There were no major cast changes from the previous evening, but many impressive performances. Morten Eggert, again the jester, is the master of improvisation, and I managed to miss much of the early action of Act 1, while entranced with his little mannerisms and acting. Perhaps the most touching of his scenes is the transition between the two parts of Act 2. After the court has fled in the aftermath of Odile's seduction of Siegfried, the hall lies empty. After a moment's pause, the jester creeps in to survey the scene. He looks around with an unjesterly solemnity, and then uses his finger to trace the tracks of two tears down his cheeks. Then he curls up in the throne as the panels of the ballroom split up and off to reveal the swan lake of the final scene. It's an immensely powerful transition, as it gives the audience a chance to take a breath after the chaos of the Scene 3 finale and grasp the enormity of what has just happened. To have the jester, who has, up until now represented humor, remind us of the tragedy makes it all the more poignant. At New York City Ballet, where it appears that less thought goes into the characterisation of the jester, the scene loses its impact. Here, with Eggert’s masterful acting and dancing, our attention never wavers. The set transition is masterful too, for the panels split up and out, as if a wall was shattering and fading back into the forest.
Ulrikk Birkkjær took over the role of Benno tonight, revealing the talents of another of the company's up and coming men. Of particular note in his solo was a series of beautiful pirouettes that ended in a perfectly balanced relevé. The pas de quatre was again led by Dawid Kupinski with Diani Cuni, Gudrun Bojesen and Lesley Culver. I look forward to seeing Kupinski, who is just 22, develop his vast talents. Tonight he struck me as looking a bit like a young Kenneth Greve with his long legs, high, controlled, stretched jumps and plush plies.

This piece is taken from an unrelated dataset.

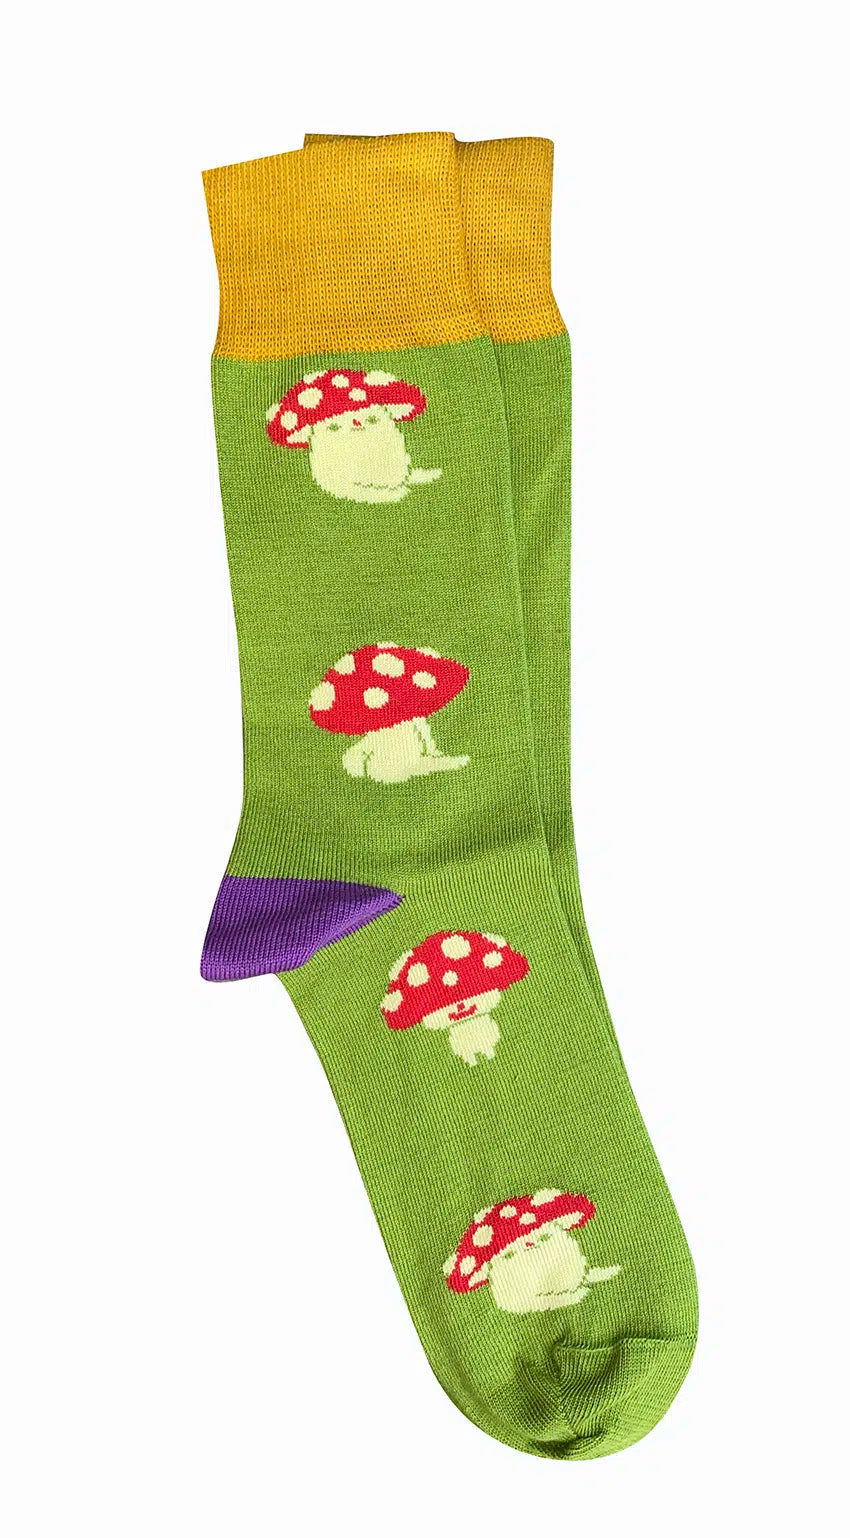 'Mushrooms' Cotton Socks - Tightology socks Tightology Lime

The casting for many of the other divertissements was excellent. Sebastian Kloborg and Maria Bernholdt are a match made in heaven for the spicy Hungarian Dance – she has sass and power, he high jumps and energy. Up until now, I'd always considered Kloborg as more of a Romantic dancer – he debuted as Romeo last fall, but he has really sunk his teeth into the Hungarian dance and revealed a new facet to his dancing. Amy Watson was a Russian dancer on a knife-edge, pushing the choreography to its breathtaking extreme, ably supported by Jean-Lucien Massot. Both Massot and also Tim Matiakis in the Neapolitan dance overcame two of the more unfortunate costumes in the production, though Matiakis seemed to have lost his black and white ballet slippers somewhere between Kongens Nytorv and Dokoen.
And it wouldn't be "Swan Lake" without the swans, who were again a model of corps excellence. One often does not realize the lack of true cohesion in corps de ballets until seeing true cohesion, such as that seen in "Swan Lake" this week. It's not a matter of getting every footstep and arm in identical positions, but a uniformity of style and movement, the best example of which were the gentle 'wing flaps' in our first introduction to the swan. 24 (20?) pairs of arms surged upwards and down with the same energy and curve. I also was struck tonight by the beautiful coordination in the sequence where the swans, all on flat foot in arabesque, all hop turn to the music. It's a visually arresting scene, and no less impressive technically given that it's no cup of tea balancing on a flat pointe shoe. (I've heard it compared to wearing little canoes on one's feet.) The one troublesome point was again the classic bent wristed 'swan neck' position, something that seems to stymie corps around the world.
Tadeusz Wojcieochowski again conducted, again with a few tempo issues.